Even COVID-19 must yield to the dreaded cauliflower.

If you have low personal expectations and proclaim to the world it can pry the potato chips from your cold, dead hands, just go for a simple walk.  No kidding, you will be baffled how much better you feel.  Having all the senses realizing that there is not hellfire raining from the heavens will slash that pesky anxiety in half.

Of course, if you’re truly contagious then be a sweetheart and lock yourself in the basement.  You’re now a pariah and society has cast you out.

3 – Kill Social Media

Five minutes on Facebook and Twitter will be enough to convince a large portion of society we’re all going to die by the Andromeda Strain.  And the misinformation?  Yikes!  It’s absolutely out of control.  I saw a lady convinced her goats would catch Coronavirus because well, “that’s what I heard!”  Fact check: no, they won’t.  And were it even possible, what would it matter?  Those dumb creatures have no problem eating shoes.

Even the goat thinks you're nuts.

And while we’re on the subject of crazy people…

2 – Avoid Crazy People

The benefits of quarantine are that we limit our exposure.  Not to the virus, but rather to screwballs.  It seems to be the human condition to gravitate to fear.  Fair enough…it’s the thing that keeps us all from being eaten by bears, so I get it.  But irrational fear is dangerous to a healthy mind and is more contagious that a puny virus can ever be.  If you can, try to avoid those who suck from the chaffed teat of mainstream media.  If you’re a Facebook junkie, consider 30-day mutes on some people who can’t wait to tell you the latest death projections.

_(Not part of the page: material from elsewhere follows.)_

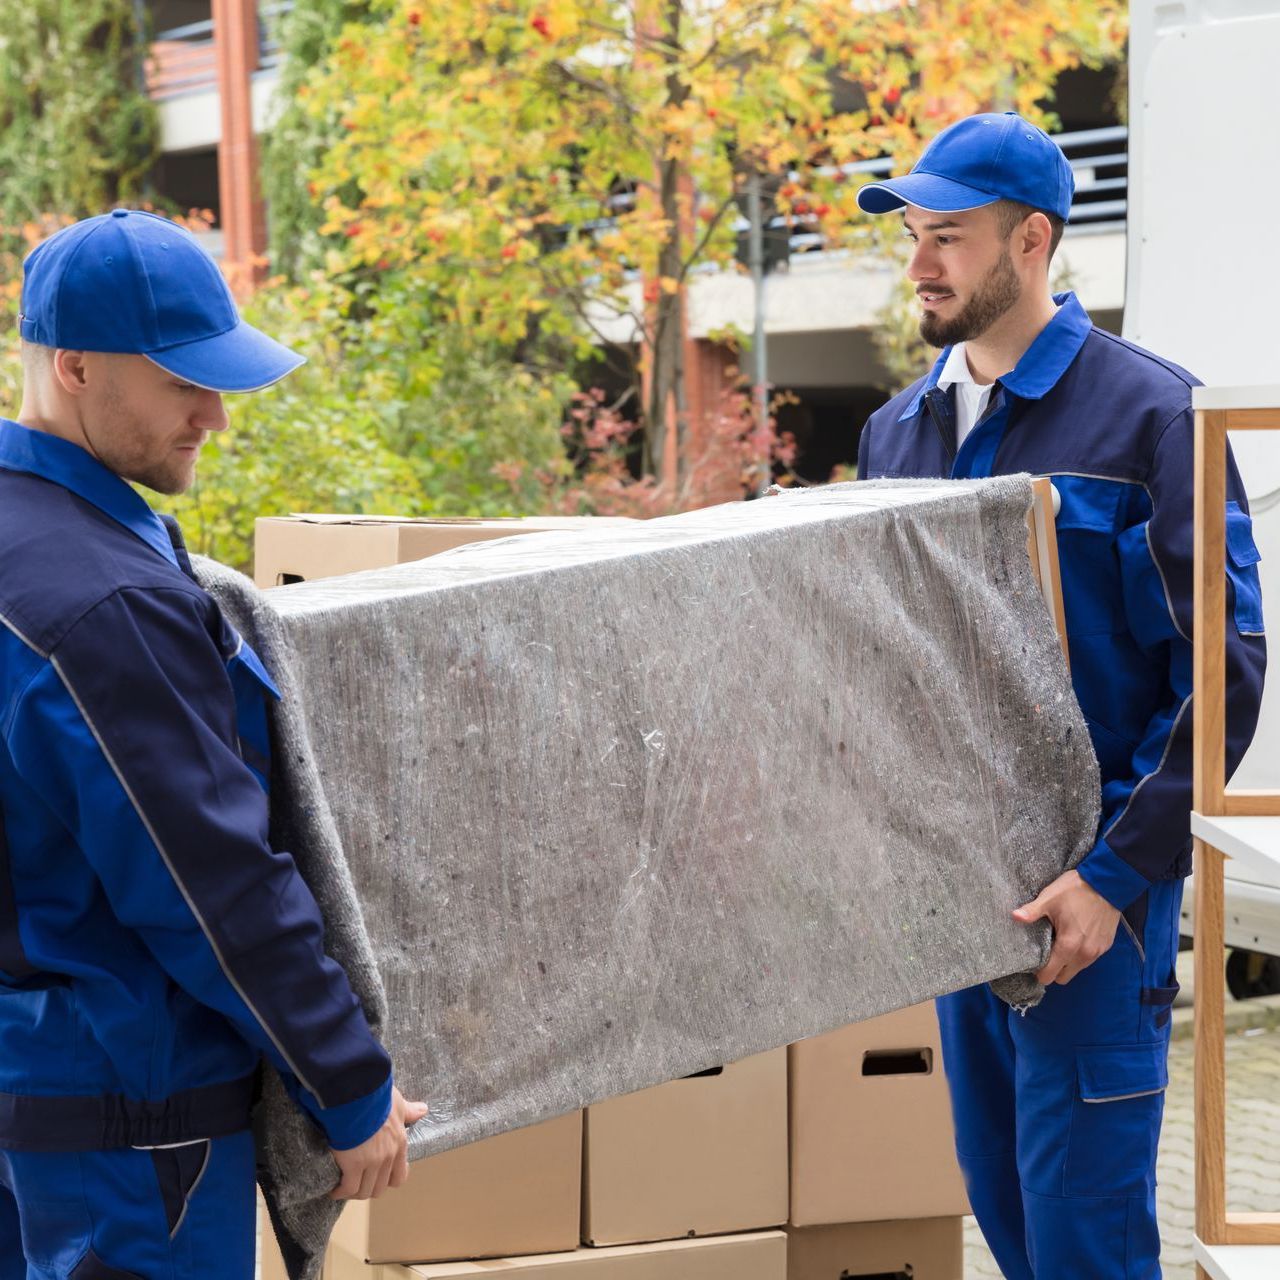 two men in blue uniforms are carrying a large piece of furniture .

In shocking news, we have learned eventually, 100% of people will die.

1 – Have Fun With It

I may be showing my age, but I recall in Grade 1 having Chicken Pox and being told to get my scrawny rear to school anyway.  And measles?  I think maybe I got two days off school and was told to suck it up.  It was a small town in the 70’s, so yeah…things were different.  Herd immunity was obtained by everyone getting a virus at once and yet somehow the hospitals were not overrun.  Spread the bell curve?  Psssh…it was a contest to make that sucker steep as Everest.  Yet despite the fact we were all contagious little goo-factories, we still found a way to smile.

To give a modern example, if you’re one of the privileged few to be sitting on a mountain of toilet paper, throw random rolls into a crowd.  Now watch people attack each other like rabid monkeys going after the last banana.  I suggest bringing the kids as this will be an invaluable lesson in human anthropology.

Ten bucks on the fat one.

John Paul Parrot ( aka. The Dysfunctional Parrot ) is a disgruntled Systems Analyst who wanders the Canadian wastelands saving small villages with the power of Kung Fu.  His chair is also a little too close to the twenty year old microwave.  As you can well imagine, this has had certain side effects.